Lindon Selahi

Personal information
- Full name: Lindon Selahi
- Date of birth: 26 February 1999 (age 27)
- Place of birth: Namur, Belgium
- Height: 1.80 m (5 ft 11 in)
- Position: Midfielder

Team information
- Current team: Widzew Łódź
- Number: 18

Youth career
- 2004–2005: CAPS Namur
- 2005–2006: Sportive Jamboise
- 2006–2011: UR Namur
- 2011–2014: Standard Liège
- 2014–2016: Anderlecht
- 2016–2018: Standard Liège

Senior career*
- Years: Team / Apps / (Gls)
- 2017–2019: Standard Liège / 1 / (0)
- 2019–2021: Twente / 30 / (2)
- 2021: → Willem II (loan) / 16 / (0)
- 2021–2025: Rijeka / 153 / (9)
- 2025–: Widzew Łódź / 24 / (1)

International career^{‡}
- 2014: Belgium U16 / 2 / (0)
- 2015: Albania U17 / 5 / (0)
- 2018–2019: Albania U21 / 6 / (0)
- 2019–2020: Albania / 4 / (0)

= Lindon Selahi =

Albanian footballer

Lindon Selahi (born 26 February 1999) is a professional footballer who plays as a midfielder for Ekstraklasa club Widzew Łódź. Born in Belgium, he plays for the Albania national team.

==Early life==
Selahi was born in Namur, Belgium to an Albanian family from North Macedonia. He started playing football at the age of 4 with local clubs.

==Club career==
===Youth career===
Selahi started his football career in local clubs, he joined UR Namur which played in the second division at this time, he regularly played with older boys and was captain of his teams. He was noticed by Standard Liège staff and joined the club in 2011. He left the Walloon club to join RSC Anderlecht, then he joined Standard Liège again in 2016. During his youth career at Standard Liège and Anderlecht, Selahi has played with many players of the talented 99-born generation, many of them became professional football players in and outside Belgium.

===Standard Liège===
In June 2016, Selahi signed his first professional contract with Standard Liège.

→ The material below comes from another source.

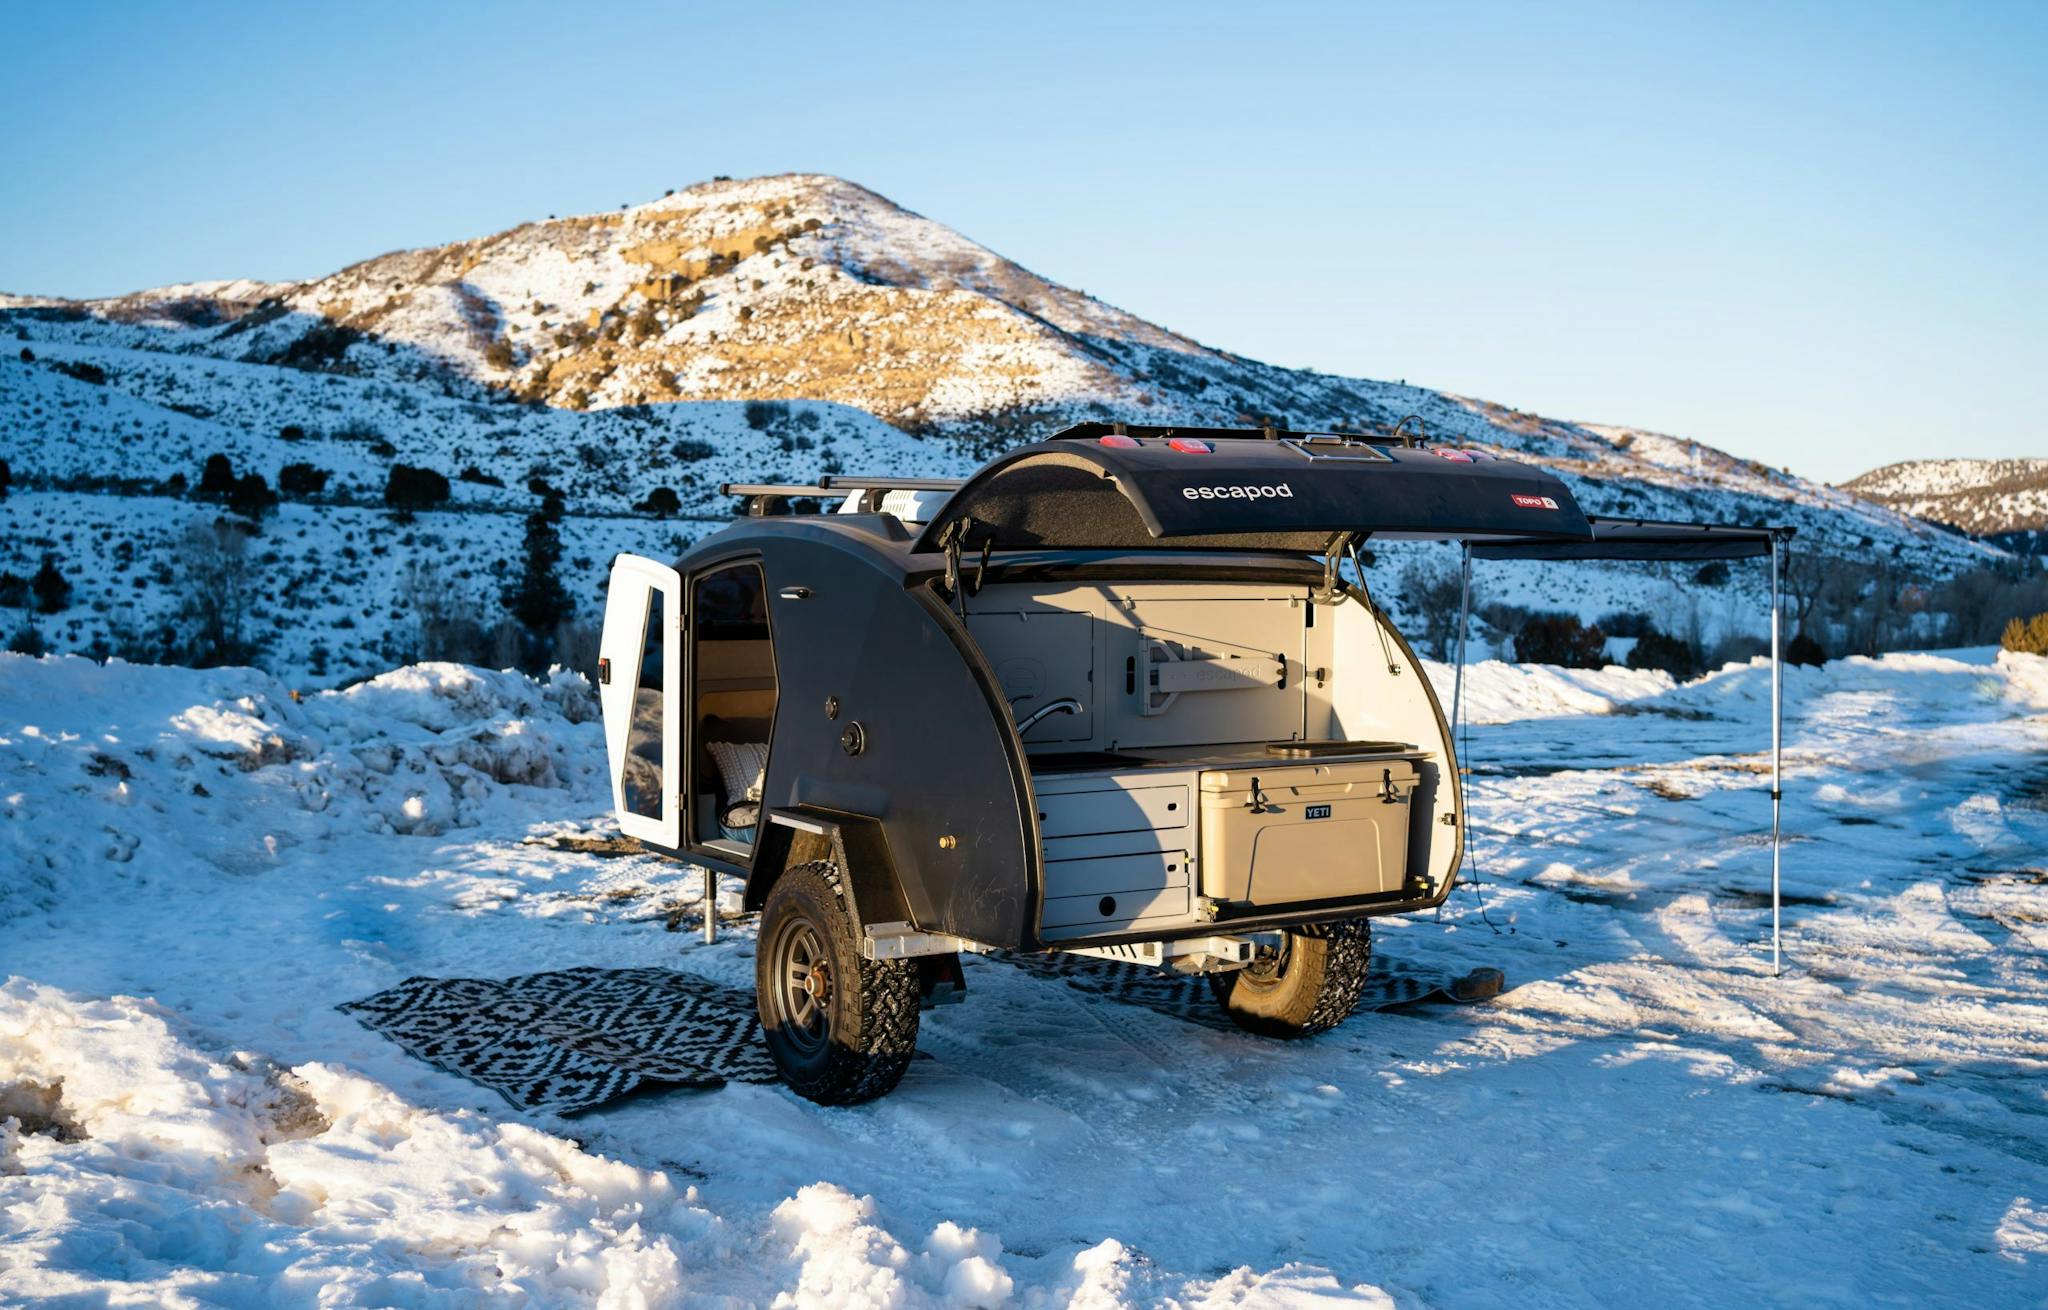 A navy blue teardrop camper parked in a winter landscape.

Selahi made his professional debut for Standard Liège in a 3-1 Belgian First Division A win over Anderlecht on 10 May 2018.

===Twente===
On 6 June 2019, Selahi signed a two-year contract with an option of further one with the Dutch club FC Twente. He made his official debut in a league game against PSV Eindhoven and scored his first Eredivisie goal on 25 October 2019 against FC Emmen.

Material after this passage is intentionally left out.